LinuxQuestions.org

LinuxQuestions.org (/questions/)
-   Linux - Newbie (https://www.linuxquestions.org/questions/linux-newbie-8/)
-   -   text indexing program (https://www.linuxquestions.org/questions/linux-newbie-8/text-indexing-program-612825/)

gawain 01-11-2008 05:55 AM

text indexing program
 
Hi everybody.

I'm looking for a program (better if from command line) which can index the words in a txt file associating them with the page number: for instance
pages
------
word1 - 1,4,6
word2 - 5,9,23
word3 - 7,,44,88

Thanks for any help

matthewg42 01-11-2008 06:02 AM

How would you define pages in a plaintext file?

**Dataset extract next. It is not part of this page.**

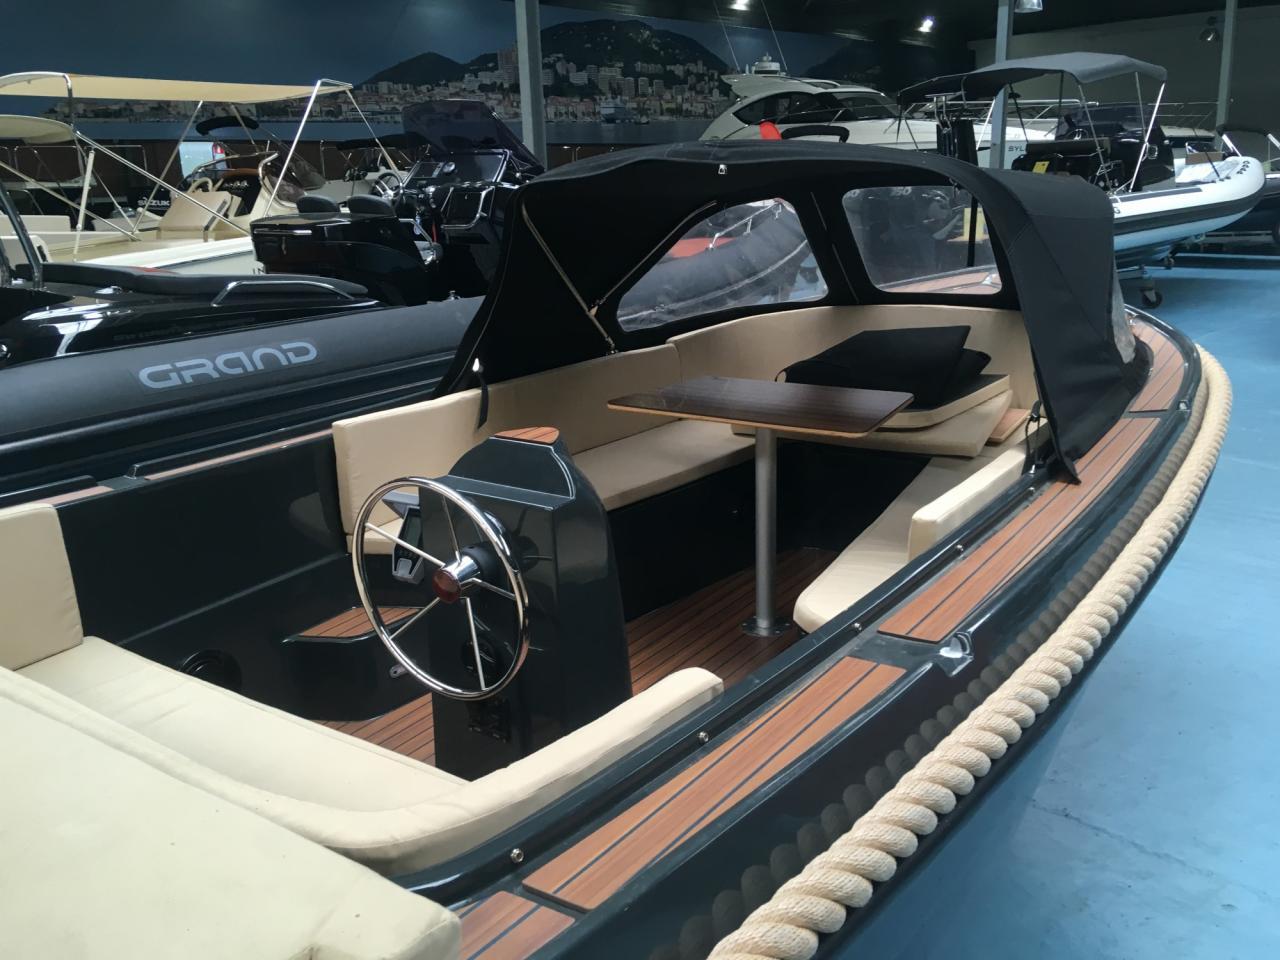 Anker 575 deluxe met Craftsman Navy 6.0 elektromotor 3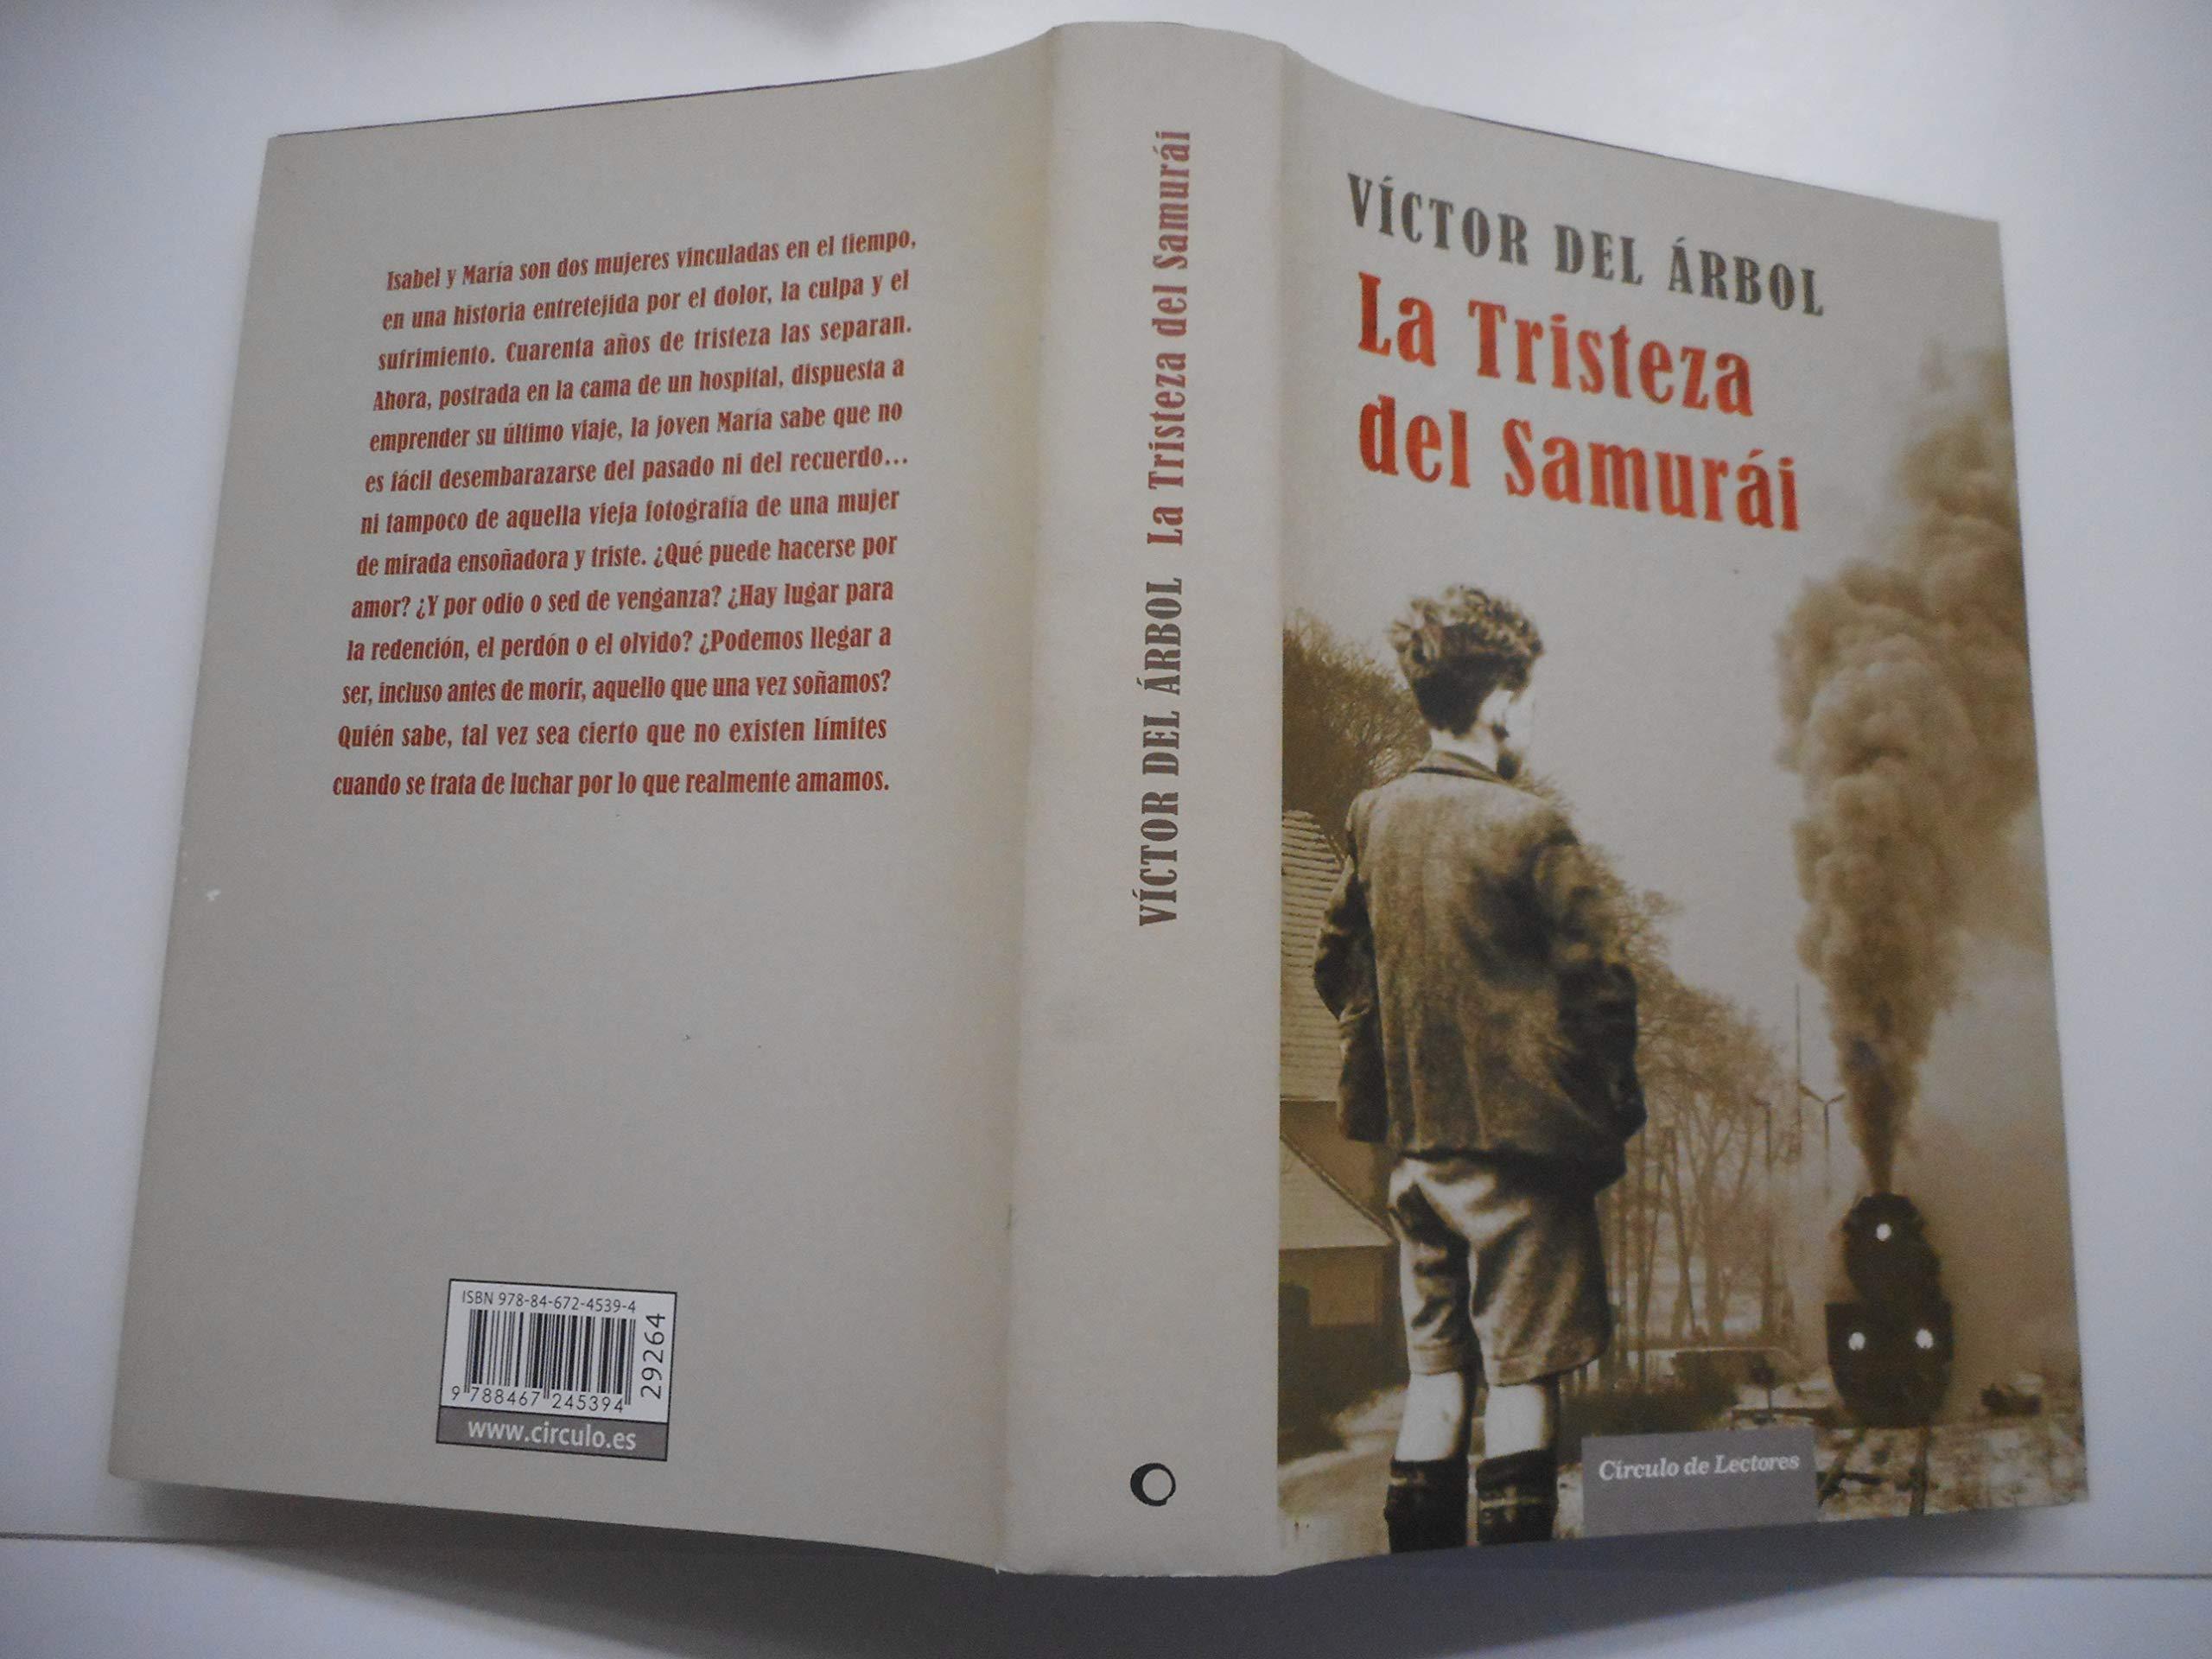 La Tristeza Del Samurái: Amazon.es: Árbol Romero, Víctor del: Libros

gawain 01-11-2008 07:24 AM

Thanks for aswering

Quote:

How would you define pages in a plaintext file?
I didn't think of it. I just have pdf files which I have turned into txt files via pdftotext (from command line): the PDF layout has been preserved and the number page has been inserted as text in the txt file.

So, I guess that there is no way out to my original question? And If I want to index all the words in the pages I need to change the format of the file?

matthewg42 01-11-2008 08:00 AM

There may be a control character inserted into the text file at the end of each page, in which case a program could easily determine the page number using that. There is an ASCII code for it, named FF (form feed, hex value 0C, octal 014). You can insert a FF in vim using control-L.

If your text files have this character at the end of each page, you could write a very quick Perl script to do your indexing, something like this:
Code:

#!/usr/bin/perl

use warnings;
use strict;

my $page_number = 1;
my %idx;

while(<>) {
        for my $word ( split(/\s+/) ) {
                $idx{$word}{$page_number} = 1;
        }
        $page_number++ if ( /\014/ );
}

foreach my $word (sort keys %idx) {
        printf "%-20s ", $word;
        print comma_sep(sort {$a <=> $b} keys %{$idx{$word}});
        print "\n";
}

sub comma_sep {
        my $ret = "";
        foreach (@_) { $ret .= $_ . ", "; }
        chop $ret;
        chop $ret;
        return $ret;
}

This assumes the FF character is at the END of a line (or on a line of it's own), and that you want to index all non-blank words. It would be easy to implement some filtering of that to index... just add an if clause to the value which sets idx values.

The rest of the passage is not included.